Source data.
= = = =

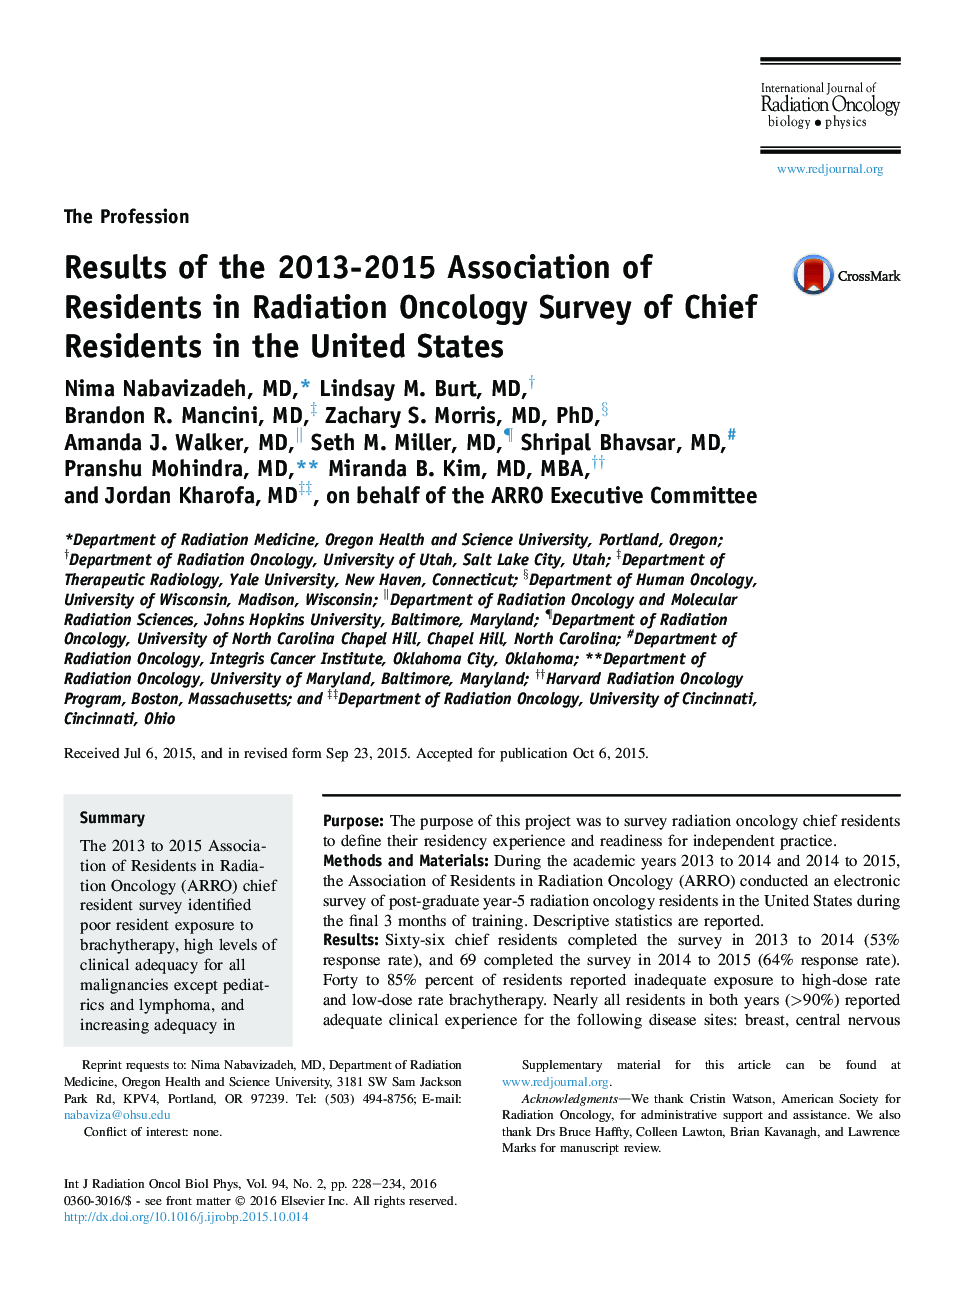 نتایج انجمن جمعیت در سال 2013-2015 در بررسی سرطان های رادیویی در ایالات متحده آمریکا 
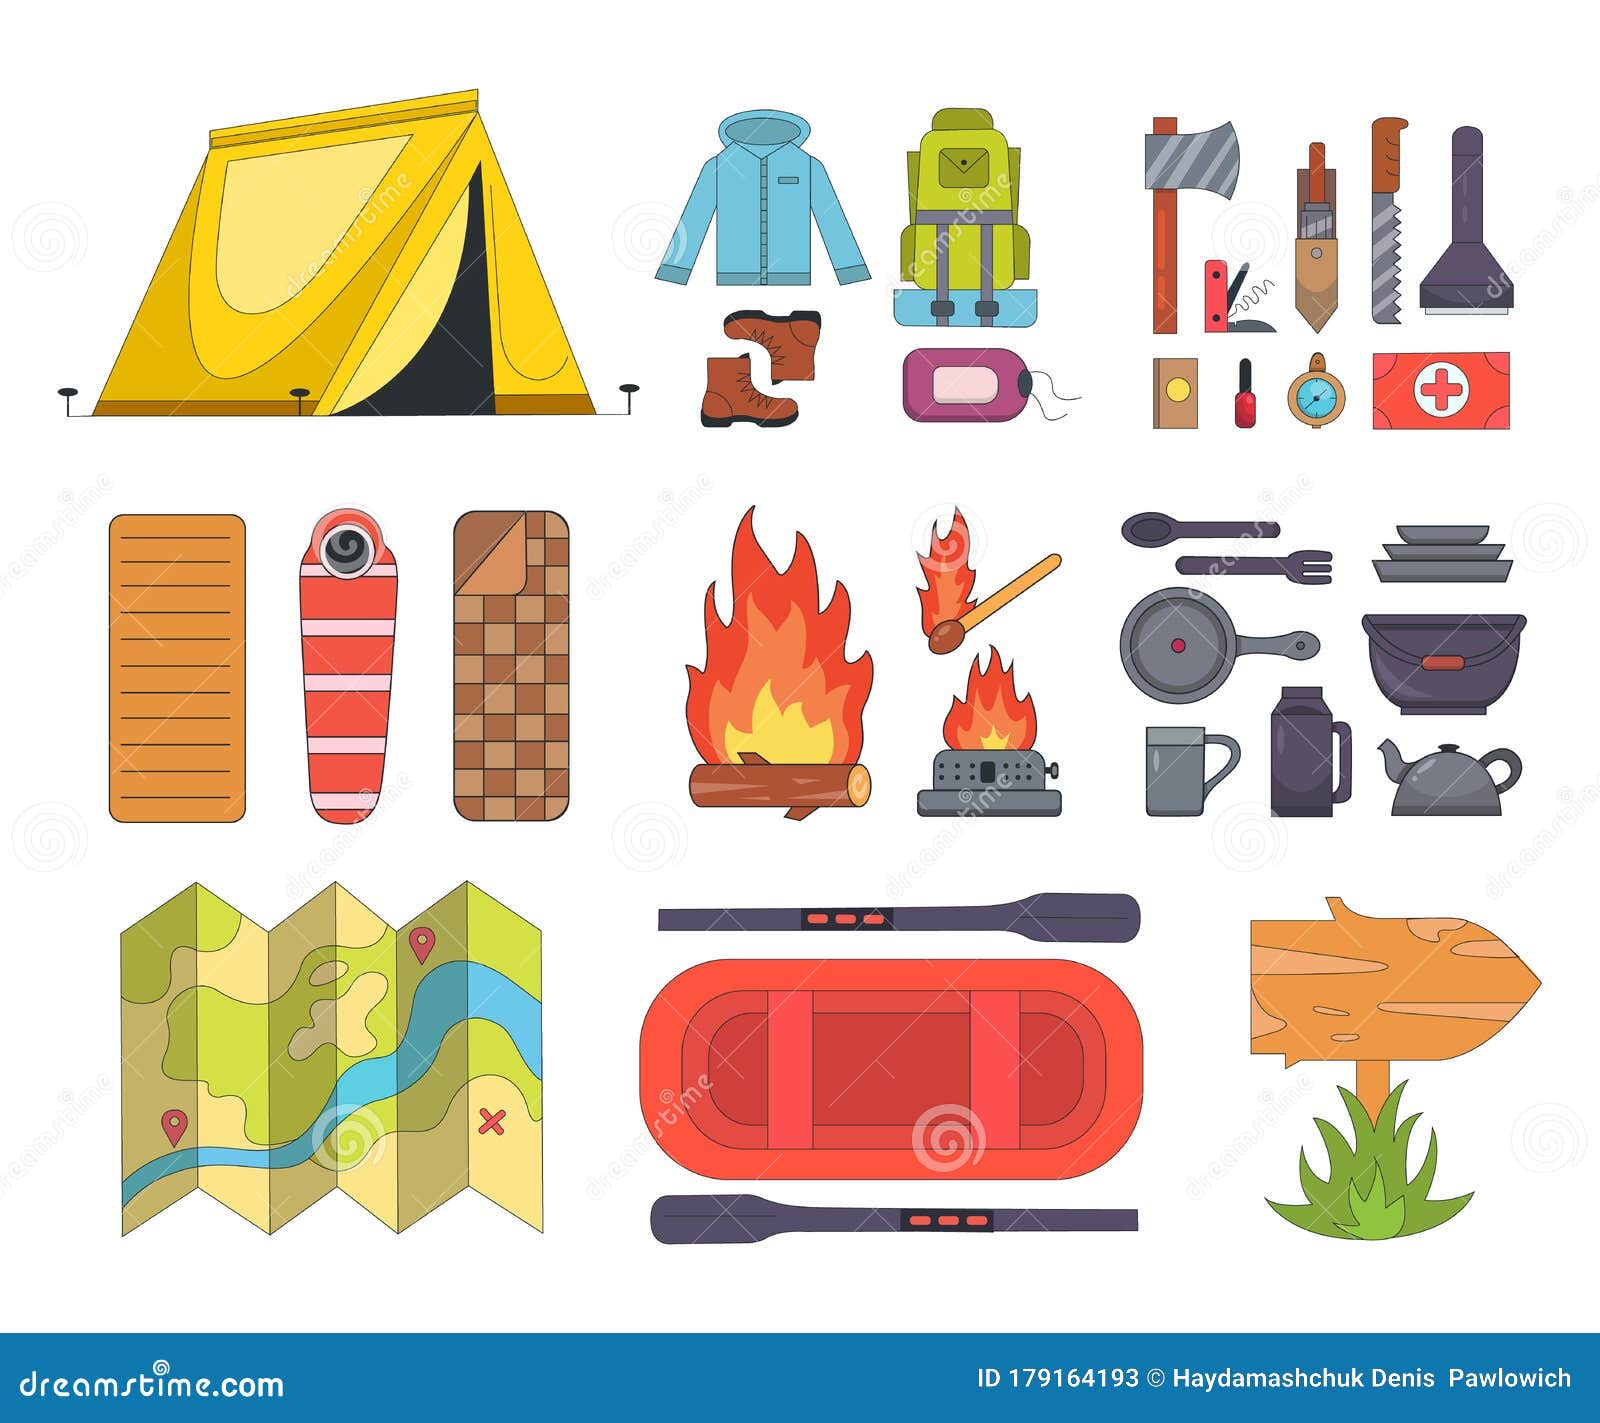 https://thumbs.dreamstime.com/z/conjunto-de-%C3%ADconos-equipo-acampada-al-estilo-dibujos-animados-material-y-herramientas-camping-las-caricaturas-mapa-bolsos-179164193.jpg
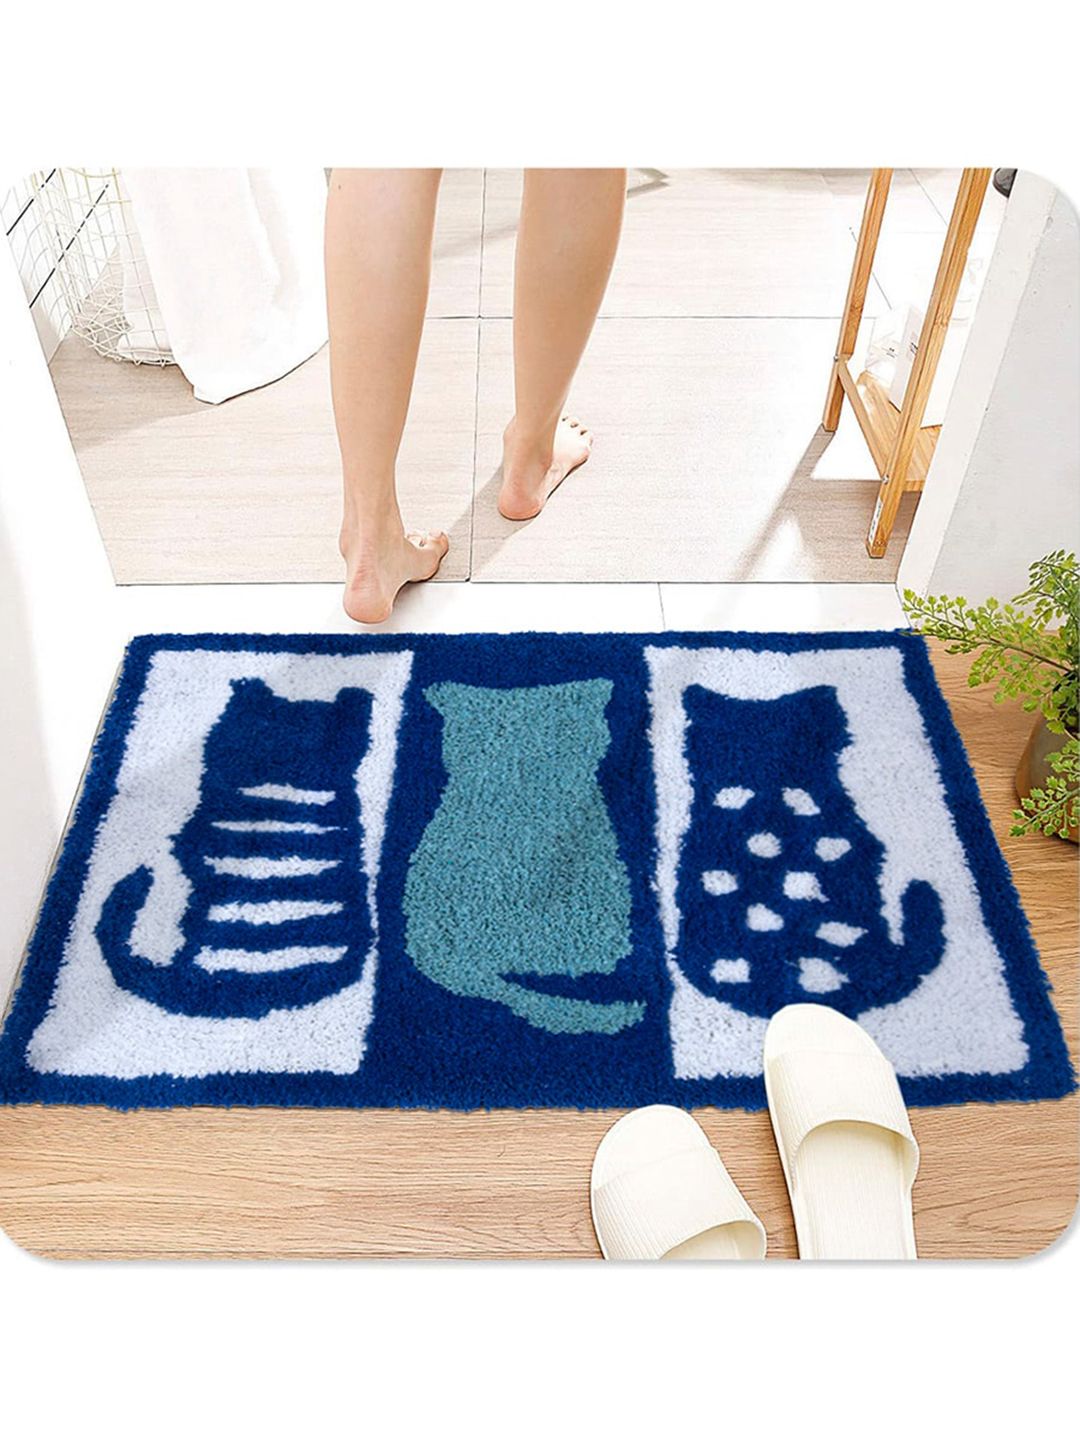 AAZEEM Blue Cat Printed Anti-Skid Cotton Doormats Price in India

= = = =

Task directions. Go through the listing above and retype each line exactly, apart from the pictures.

Written response.
 نتایج انجمن جمعیت در سال 2013-2015 در بررسی سرطان های رادیویی در ایالات متحده آمریکا 
 https://thumbs.dreamstime.com/z/conjunto-de-%C3%ADconos-equipo-acampada-al-estilo-dibujos-animados-material-y-herramientas-camping-las-caricaturas-mapa-bolsos-179164193.jpg
 AAZEEM Blue Cat Printed Anti-Skid Cotton Doormats Price in India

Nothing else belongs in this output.